Aus dem US-Bundesstaat Illinois stammt sie, in Puerto Rico hat sie letztes Jahr gespielt, und wäre es nach ihren Eltern gegangen, hätte es Michelle Bartsch heuer im Sommer womöglich nach Österreich verschlagen. Denn die 23-jährige Außenangreiferin war bereit für einen Wechsel nach Europa – und in Dornbirn hat ihre Familie ein Haus. Es wurde aber dann Vilsbiburg, wohin Michelle wechselte. Und damit ist sie ganz zufrieden: „Das Team ist okay, die Liga hier hat eine gute Qualität" – und Dornbirn ist auch nur zweieinhalb Autostunden entfernt. Abgesehen davon hat Michelle Bartsch auch zu Deutschland einen persönlichen Bezug.
Denn ihre Großeltern haben hier gelebt. Doch der Familiengeschichte und auch den Besuchen in Dornbirn zum Trotz: Michelle sprach bis vor kurzem praktisch kein Wort Deutsch; in Vilsbiburg hat sie nun aber mit einigen Teamkolleginnen mit dem Sprachunterricht angefangen.
Ihren frisch angetrauten Mann Corbin hat Michelle nach Niederbayern mitgebracht, und auch wenn die Floskel vom Hochzeitstag, den man sein Leben lang nicht mehr vergessen wird, natürlich enorm überstrapaziert ist: Auf die Bartschs trifft dieser Spruch ganz sicher zu.

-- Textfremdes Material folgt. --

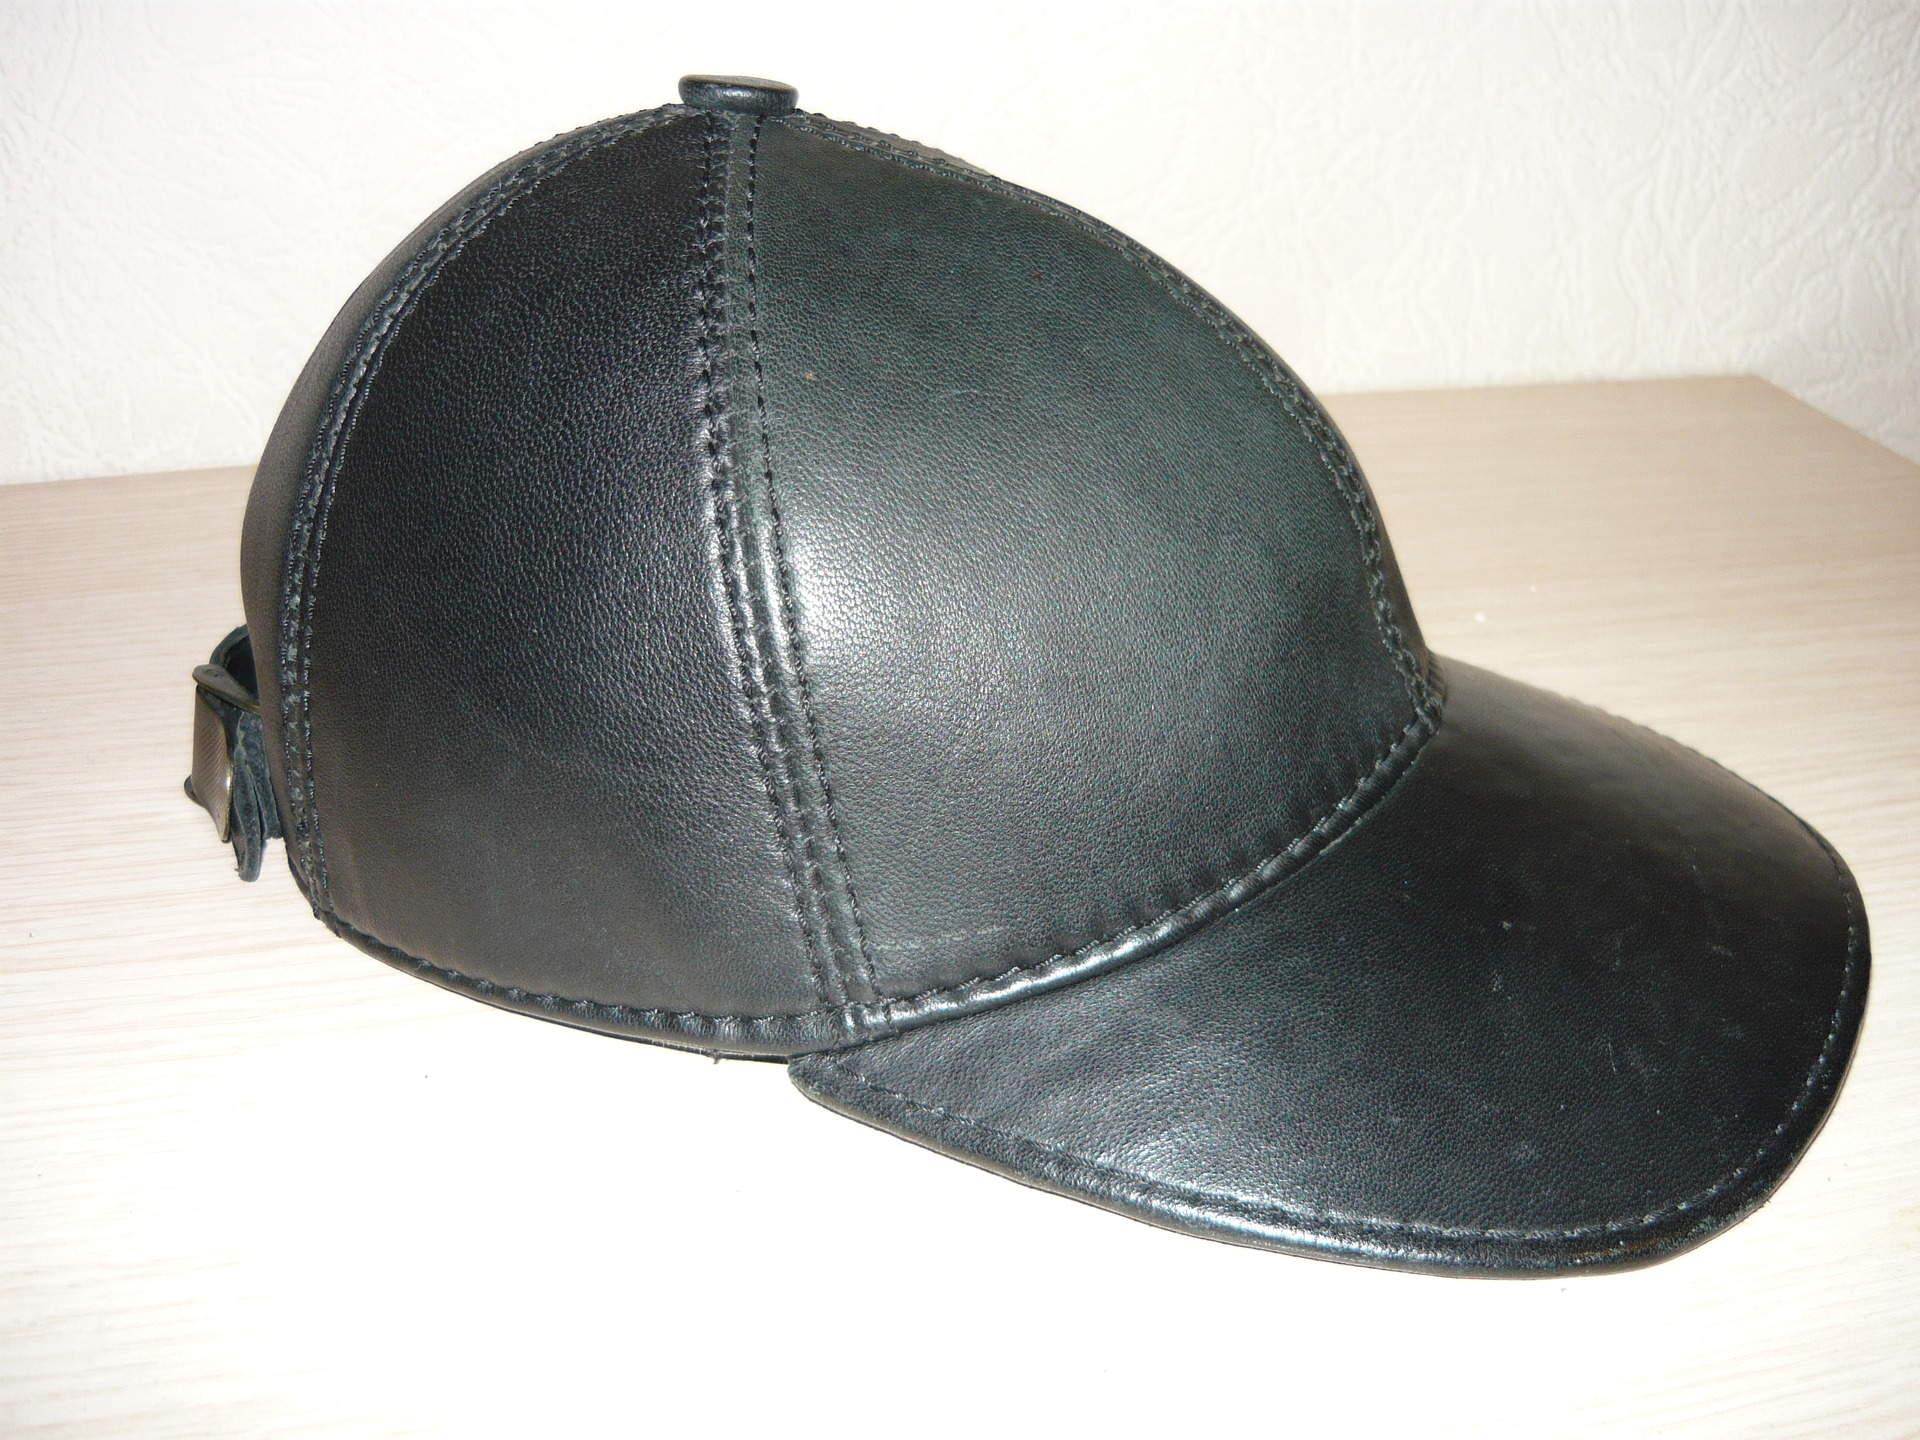 dc69bf4322adc 1920 X 1440 744.3 Kb Женский и мужской пуховики, мужские туфли, кепка,  женская

Denn als sie sich im Juni auf einem Weingut in Illinois das Ja-Wort geben wollten, setzte während der Zeremonie plötzlich sintflutartiger Regen ein und drohte das Zelt mit den 200 Gästen regelrecht wegzuspülen. Mut und Tapferkeit waren gefragt (und zwar schon vor Beginn der Ehe): Als die Wassermassen das Zelt fluteten, flüchteten Braut und Bräutigam auf einen Stuhl, um noch schnell das Ja-Wort über die Bühne zu bringen. Es gelang mit knapper Not, und der Rest der Feierlichkeiten wurde in ein benachbartes Gebäude verlegt.
Den Volleyballsport kennt Michelle aus verschiedenen Perspektiven. Sie hat auch schon als Trainerin eines Männerteams gearbeitet. In dieser Zeit hat die Neu-Vilsbiburgerin „tonnenweise Videos" mit schnellen, athletischen Sequenzen vom Männervolleyball gesichtet. Als sie danach wieder bei den Frauen war, sei ihr das eigene Niveau anfangs fast peinlich gewesen, erzählt Michelle Bartsch. Aber sie hat dann versucht, von ihrer Beschäftigung mit den Männern sportlich zu profitieren, „denn von der guten Technik der Jungs kann man auch als Frau eine Menge lernen".
Mit ihrem Gardemaß von 1,90 Meter hat die Rote Raben-Außenangreiferin jedenfalls das Potential, die Bundesliga-Konkurrenz massiv zu beeindrucken. Ziemlich groß sind in der Heimatstadt von Michelle Bartsch übrigens nicht nur volleyballspielende Frauen. In Collinsville steht – und das ist kein Witz – die größte Ketchup-Flasche der Welt. Gut 50 Meter ist sie hoch, hat eine eigene Homepage und einen offiziellen Fanclub.